Consider other militarizing developments as well.
On February 14, 2008, the US and Canada agreed
to allow American troops inside Canada. Canadians were told nothing of this
agreement, which was drafted in 2002. Neither was it discussed in Congress
or in the Canadian House of Commons. The agreement establishes “bilateral
integration” of military command structures in areas of immigration, law
enforcement, intelligence, or whatever else the Pentagon or Washington
wishes.
Overall, it’s part of the “war
on terror” and militarizing the continent to make it “safer” for
business and being prepared for any civilian opposition.
Mexico is also being targeted, with a “Plan Mexico” that was announced in
October 2007. It’s a Mexican and Central American security plan called the
Merida Initiative, supported by $1.4 billion in allocated aid.

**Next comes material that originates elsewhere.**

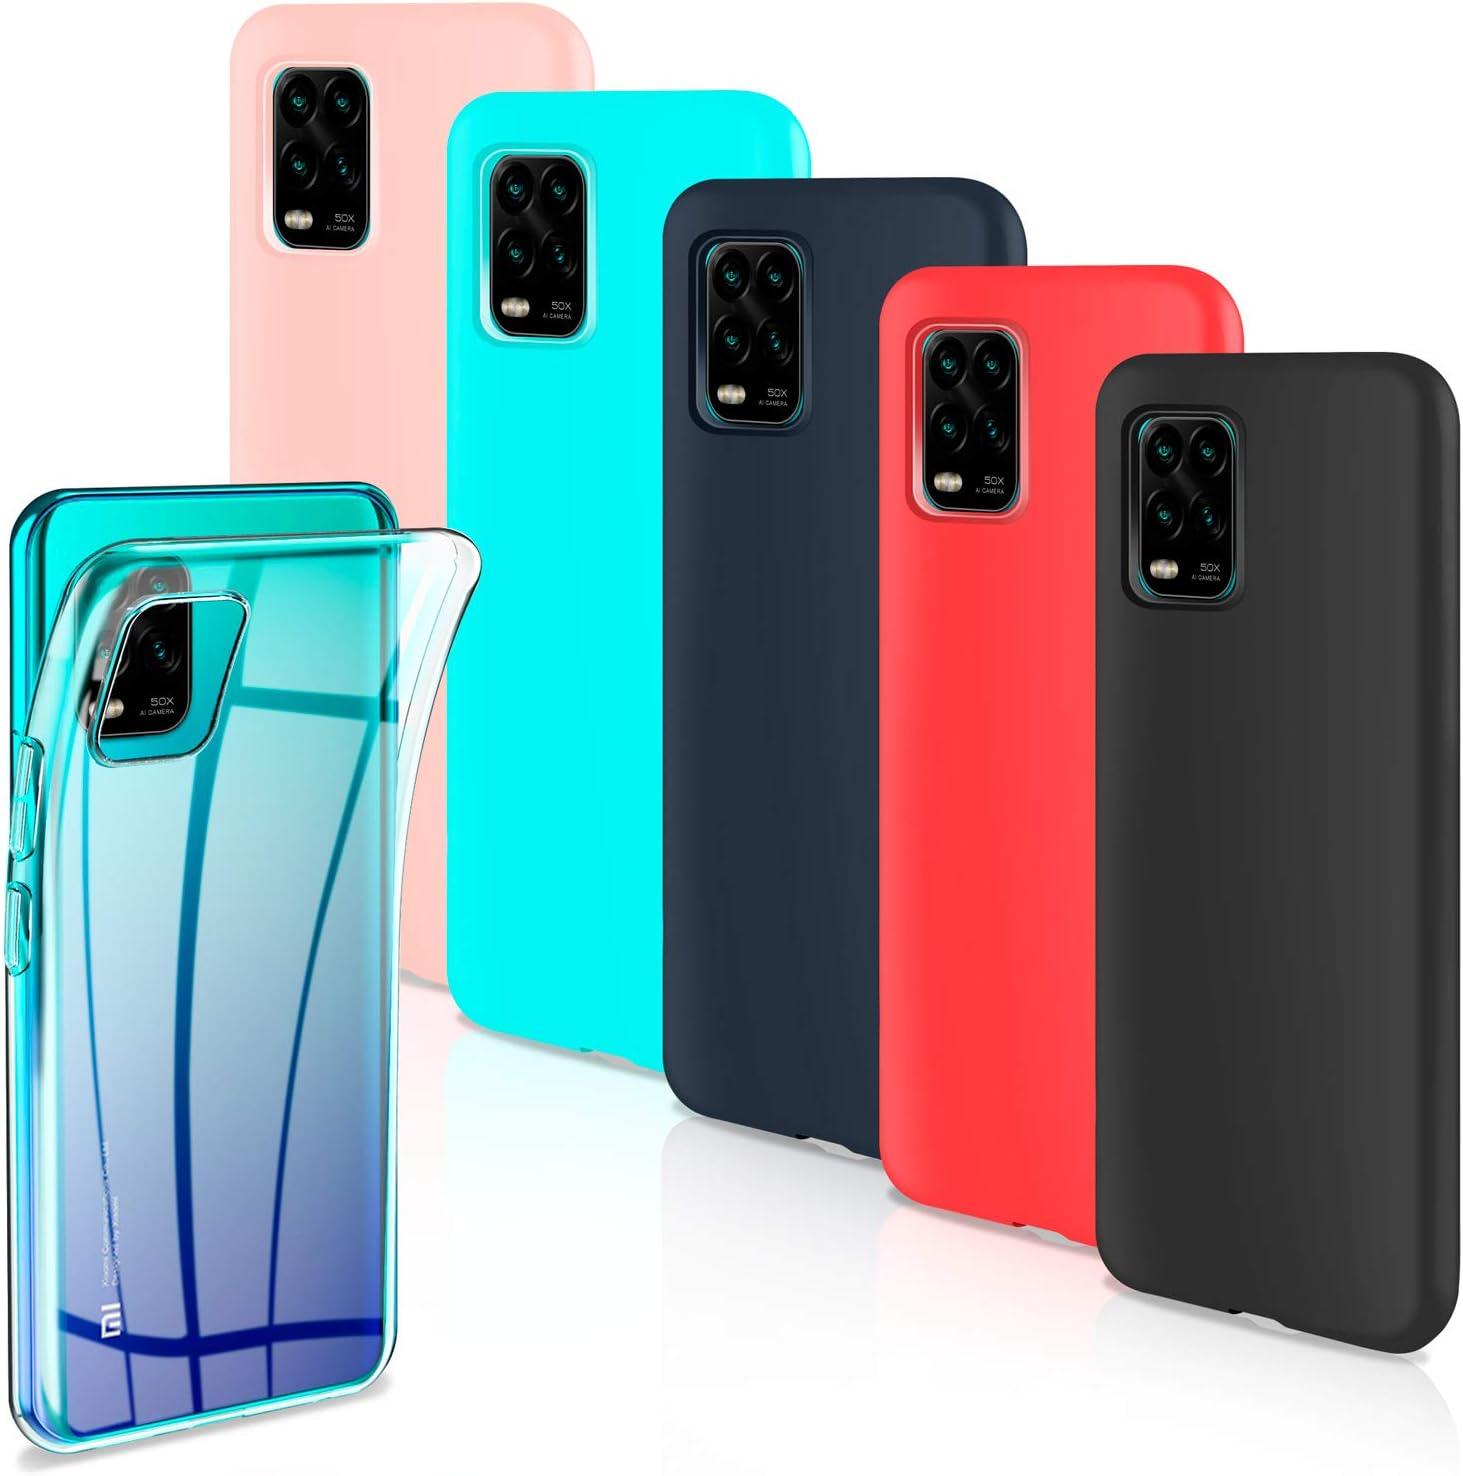 Leathlux 6 x Funda Xiaomi Mi 10 Lite 5G, 6 Unidades Carcasas Juntas Ultra Fina Silicona TPU Flexible Colores Carcasas Xiaomi Mi 10 Lite 5G 6.57

Congress will soon vote on this initiative, likely well before this is
published. It’s a “regional security cooperation initiative” similar to Plan
Colombia and presented as an effort to fight drug trafficking.
In fact, the Merida Initiative is part of SPP’s militarization of Mexico and
gives Washington more control of the country. Most of the aid goes to
Mexico’s military and police forces, with a major portion earmarked for US
defense contractors for equipment, training, and maintenance.
The touchy issue of deploying US troops will be
avoided by instead employing private US security forces, i.e., Blackwater
and DynCorp.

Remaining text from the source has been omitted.